Partial HIF-1α deficiency attenuates T/HS-induced gut injury. WT and HIF-1α^+/− mice were subjected to T/HS or T/SS for 60 min and 3 h reperfusion. A: representative sections of hematoxylin and eosin (H&E) staining of the distal ileum (×200). Arrows depict subepithelial lifting sloughing and mucosal edema in the villi. B: percentage of villous injury. C: histological scoring of villous damage. Values in B and C are expressed as means ± SE (n = 7–11 mice/group). D: MPO activity (U/mg of protein) was measured in the ileal mucosa. Values are expressed as means ± SE (n = 5–10 mice/group).

Fig. 4.

Partial HIF-1α deficiency attenuates T/HS-induced lung injury. WT and HIF-1α^+/− mice were subjected to T/HS or T/SS for 60 min and 3 h reperfusion. A: representative section of H&E staining of the lung. B: lung injury score. C: number of infiltrating polymorphonuclear cells (PMNs) per high-power field (hpf). D: MPO activity (U/mg of protein) was measured in the lung. Values in B–D are expressed as means ± SE (n = 6–13 mice/group).

Fig. 5.

HIF-1 directly impairs gut barrier function. A: in vivo intestinal permeability was assessed in WT and HIF-1α^+/− mice subjected to T/SS or T/HS for 60 min and 3 h reperfusion by quantifying 4.4-kDa fluorescein isothiocyanate-dextran (FD-4) concentration (μg/ml) in the serum. Values are expressed as means ± SE (n = 5–8 mice/group).
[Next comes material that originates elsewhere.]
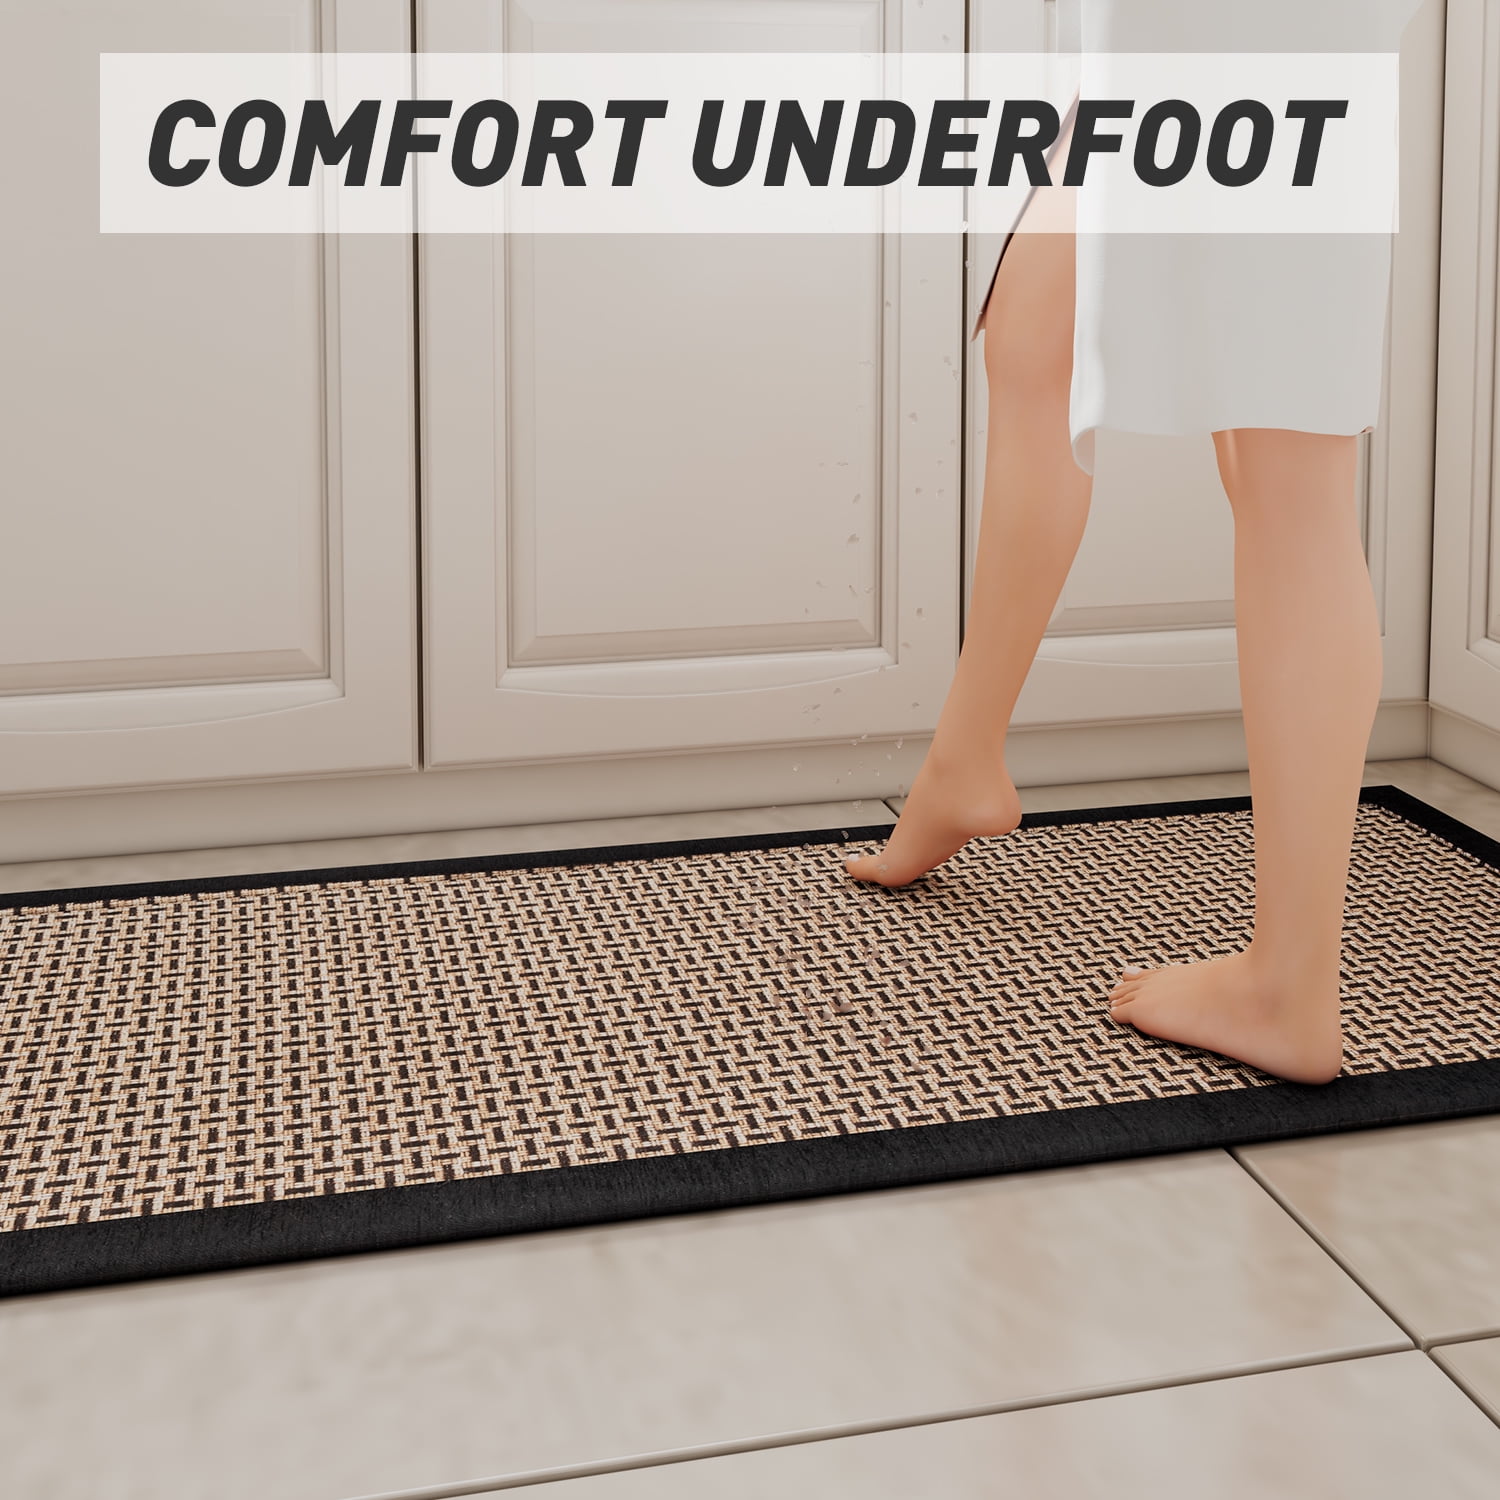 SIXHOME Kitchen Mats for Floor 17 x 32 Anti Fatigue Kitchen Rug 1/2 inch  Thick Brown Non-Slip Extra Support Standing Pad

B: bacterial translocation to the mesenteric lymph nodes (MLN) was measured in WT and HIF-1α^+/− mice subjected to T/SS or T/HS. Number of colony forming units of bacteria per gram MLN (CFU/g) and values are expressed as means ± SD (n = 6–8 mice/group).

Fig. 6.

HIF-1 promotes apoptosis during gut ischemia-reperfusion (I/R) injury. A and B: WCEs were prepared from ileal mucosa of WT and HIF-1α^+/− mice subjected to T/HS or T/SS for 60 min and 3 h reperfusion. A: cleaved caspase-3 and total p42/p44 expression was determined by Western blotting. B: densitometry was performed to quantify cleaved caspase-3 and total p42/p44 expression. Data are represented as means ± SE (4–6 mice/group). C: caspase-3 activity is expressed as absorbance at 405 nm per 50 μg of protein. Values are expressed as means ± SE (n = 4–5/group). D: caspase-3/7 activity assay using WCEs derived from HIF-1α and control (Ctl) Caco-2 transfectants exposed to normoxia (N), hypoxia (H) for 3 h, or H followed by reoxygenation for 3 h (H/R). RFU, relative fluorescence units. Mean values ± SE are shown (n = 3–4/condition).

Fig. 7.

HIF-1 differentially regulates proinflammatory cytokines in the ileal mucosa and lung after T/HS. RNA was prepared from ileal mucosa and lung of WT and HIF-1α^+/− mice subjected to T/HS or T/SS for 60 min and 3 h reperfusion. Relative mRNA expression for TNF-α, IL-1β, IL-6, and IL-10 was quantified by real-time PCR using the ΔΔCt method using a log₂ scale. Mean values ± SE are shown (n = 4–7 mice/group).